During TAG training I actually dislike that old saying but its use here is to illustrate you should not allow yourself to practice a technique sloppily or wrong. Perfect is the enemy of excellent, so don’t beat yourself up when you do something off of correct. Just stop, breathe, and go back to step one.

Go slow and execute the draw as proficiently as you can. If you have issues with the entire draw stroke and presentation, try to work on one phase of it at a time. For instance, moving from a relaxed position to a solid grip on the gun while still in the holster.

Once you have the technique down, conduct three very slow, correct draw strokes and presentations. Take a breath. Work on exhaling as you draw. Do three more at half speed. Never dry practice a technique at full speed. Speed will come with thousands of correct repetitions, never from trying to be quick. As soon as you mentally say ‘now’ and try to go fast, chances are you’ll dork it up.

Smooth is the real fast. Smooth and correct will beat fast and flustered every time.

Three more draw strokes ensuring the front sight is in sharp focus. Half speed at the most. If you catch yourself losing focus on this one skill or messing something up, go back to quarter speed and fix it.

When next in the holster and safe, stop and check your watch. Are ten minutes up? If so stop, write down the time and close your session.
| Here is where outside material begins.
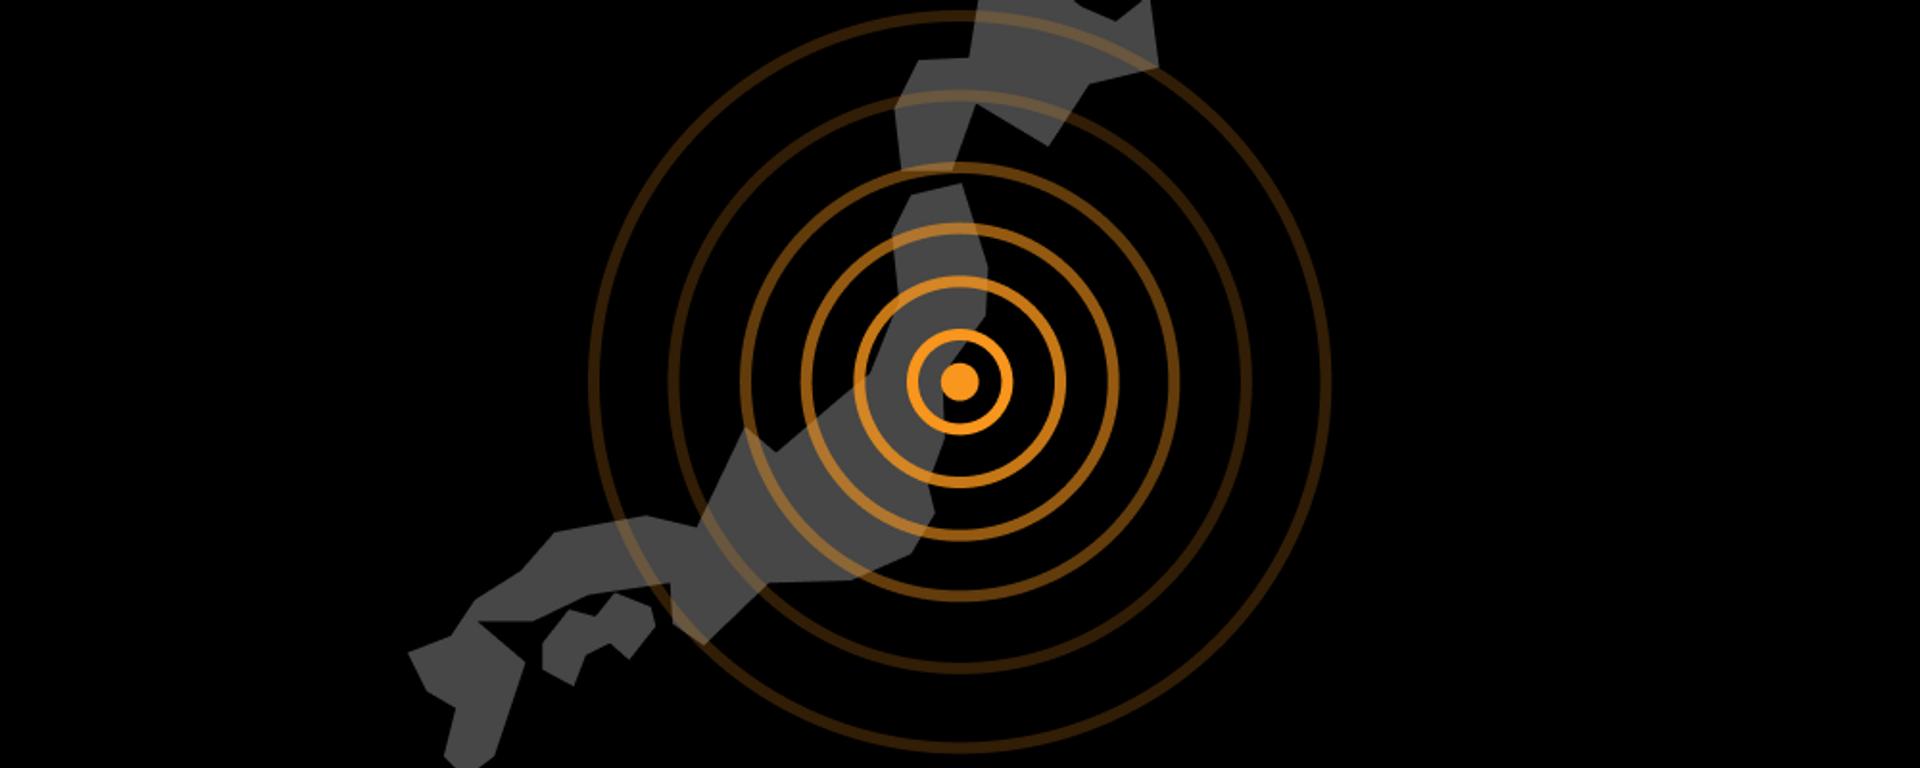 La tragedia nucleare di Fukushima - Sputnik Italia, 1920, 11.03.2021

Put away everything and set your firearm up for storage – or depending on the situation – back ready for CCW carry. Resist the urge to go longer or worse; after dry fire practice is over to re-unload and go again. That’s where accidents happen.
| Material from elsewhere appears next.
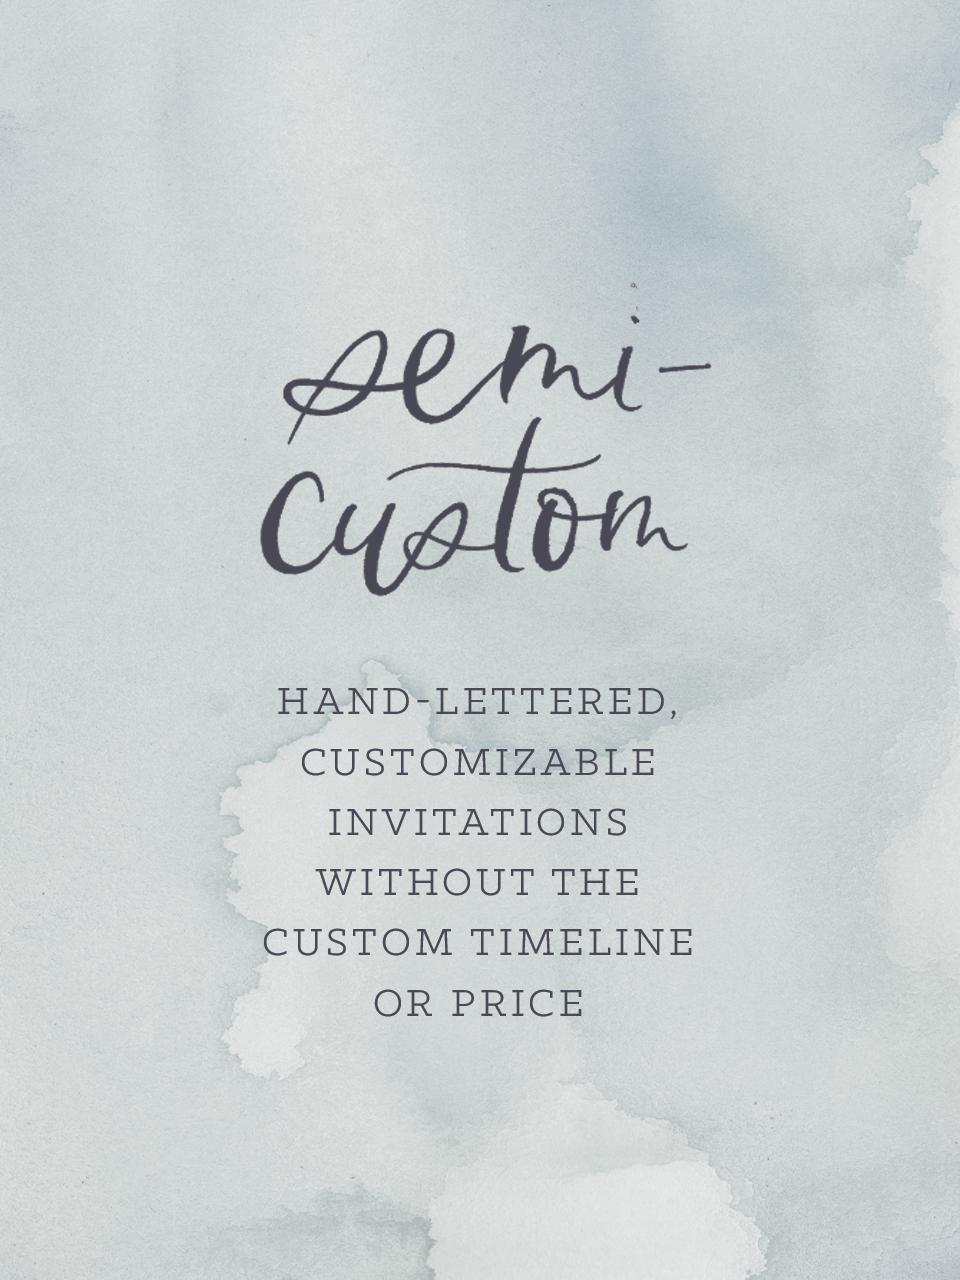 Semi Custom Invitations

All Clear? Safe? Now let the world back in. When you have a minute, use your CCW Guardian app to document this training. (Have an iPhone? Go to www.CCWGUARDIAN.com)

Future sessions might be trigger control and reset drills, possibly using plastic dummy rounds. This increases the risk somewhat so add emphasis to the safety controls we put in place. Magazine changes are another good topic, but again you have to adjust the safety controls in place.

Sometimes there is a limit to what you can do on your own and you need to have a mature, trained and skilled observer help by watching you. Pick this person wisely as someone who nit-picks you to death will kill your focus.

(I hate golf to this day because of the guy who wouldn’t let me swing once uninterrupted without a correction of some sort!

With only a little self-promoting, this is what TAG, LLC’s Progressive Pistolcraft (the PRP) is all about. Professional coaching before bad habits sets in, is essential.

Dry fire training with mental visualization of proper techniques can increase your proficiency, build kinetic weapons handling skills, and make your expensive live fire training sessions vastly more productive.